» DATASET EXTRACT
=== Section Start ===
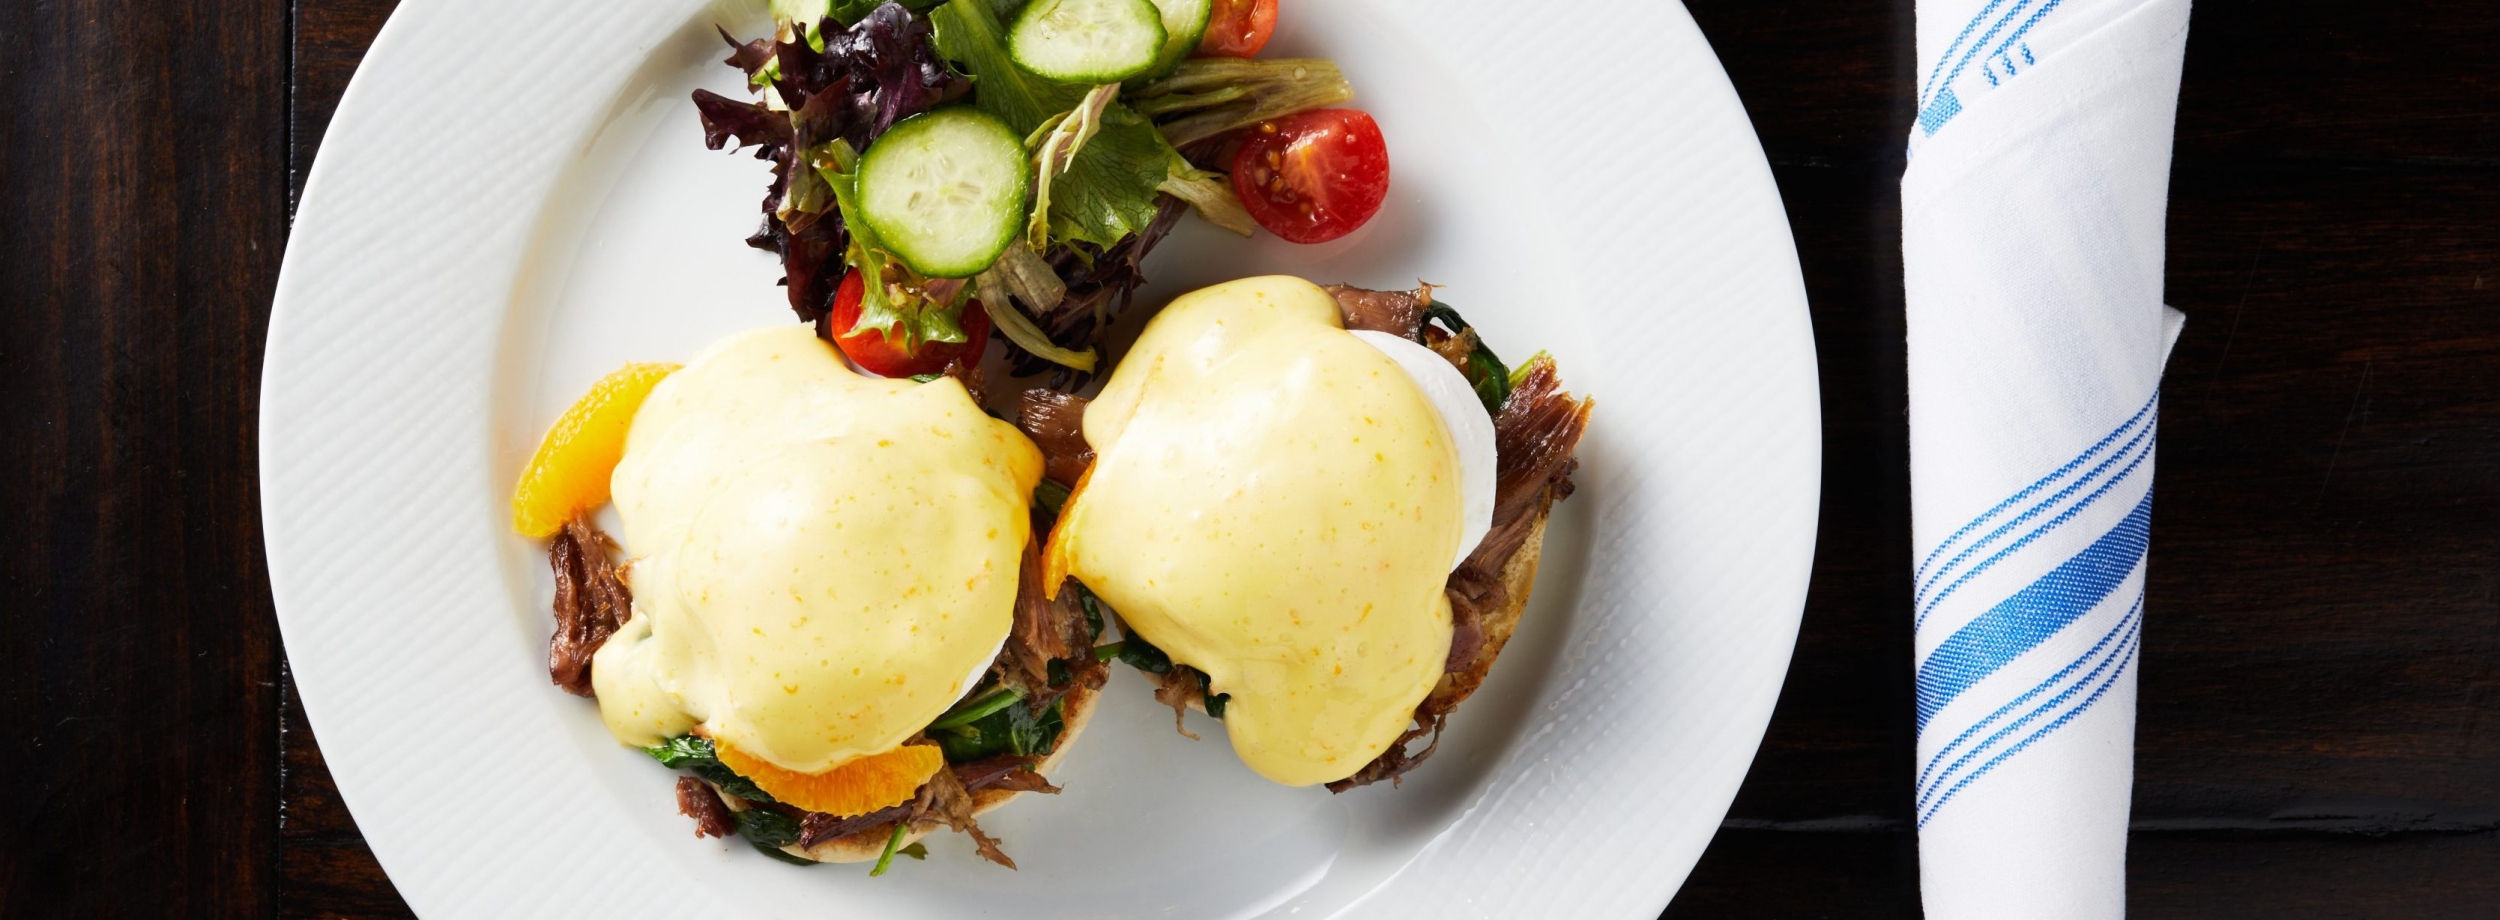 Eggs Benedict from the brunch menu at Couvant in New Orleans
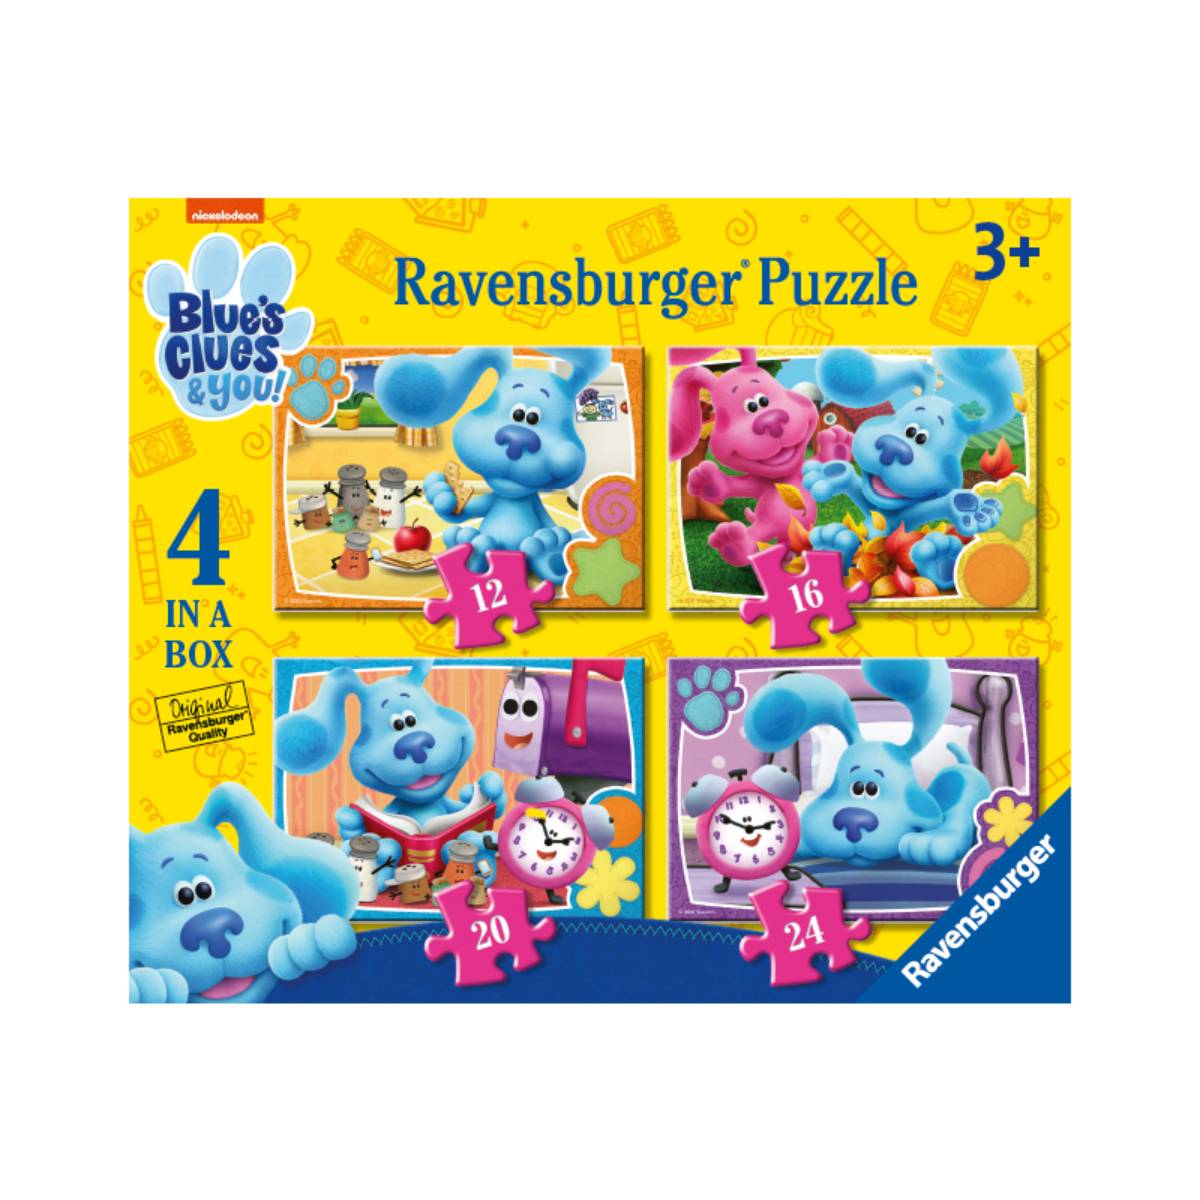 RAVENSBURGER WE LOVE A BLUES CLUES DAY
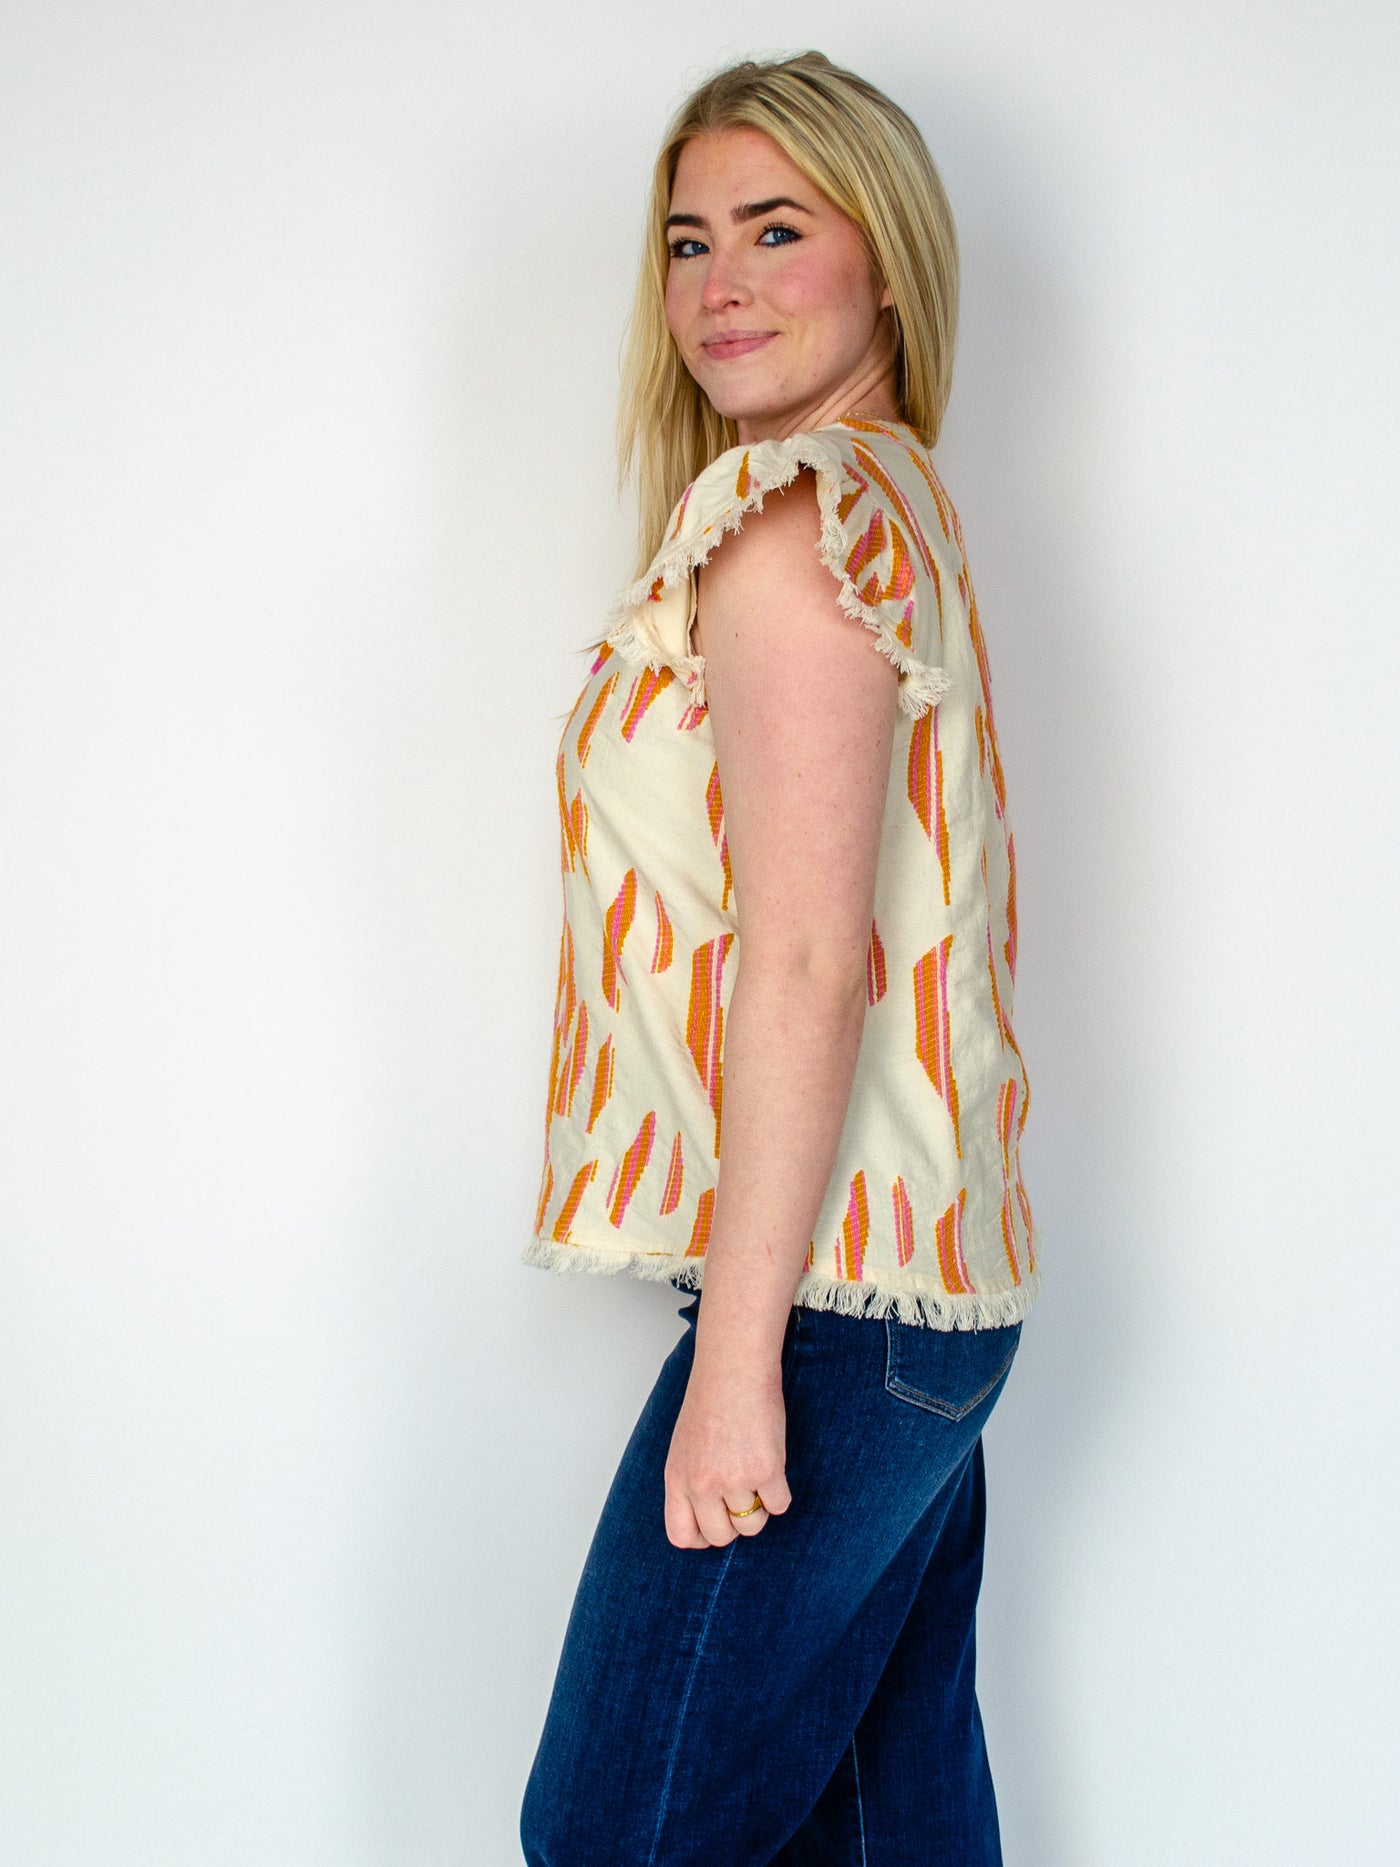 Model is wearing a feminine blouse with frayed hemming on the sleeves and abstract apricot colored detail with a white base color. The blouse is paired with blue jeans. 
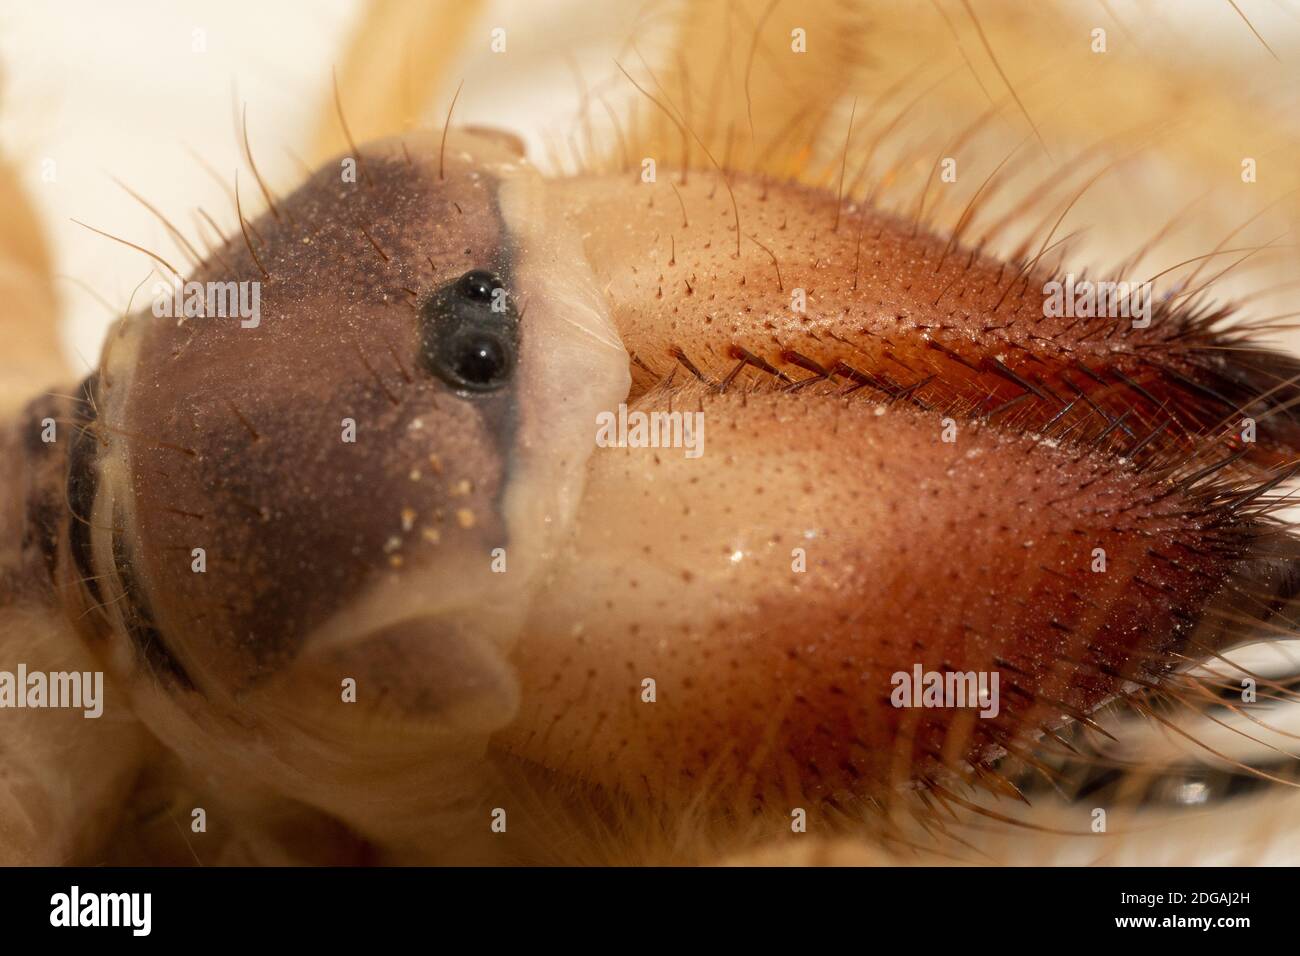 Egyptian giant solpugids (Galeodes Arabs), wind scorpion or camel spider macro shot head and eyes close up in the united arab emirates in the middle e Stock Photo
=== Section End ===
» ASSIGNMENT
Your copy must begin at the line containing "Model is wearing" and end at the last line of the material above. Reproduce each line exactly, but not the pictures.

» ANSWER SPACE
 Model is wearing a feminine blouse with frayed hemming on the sleeves and abstract apricot colored detail with a white base color. The blouse is paired with blue jeans. 
 Egyptian giant solpugids (Galeodes Arabs), wind scorpion or camel spider macro shot head and eyes close up in the united arab emirates in the middle e Stock Photo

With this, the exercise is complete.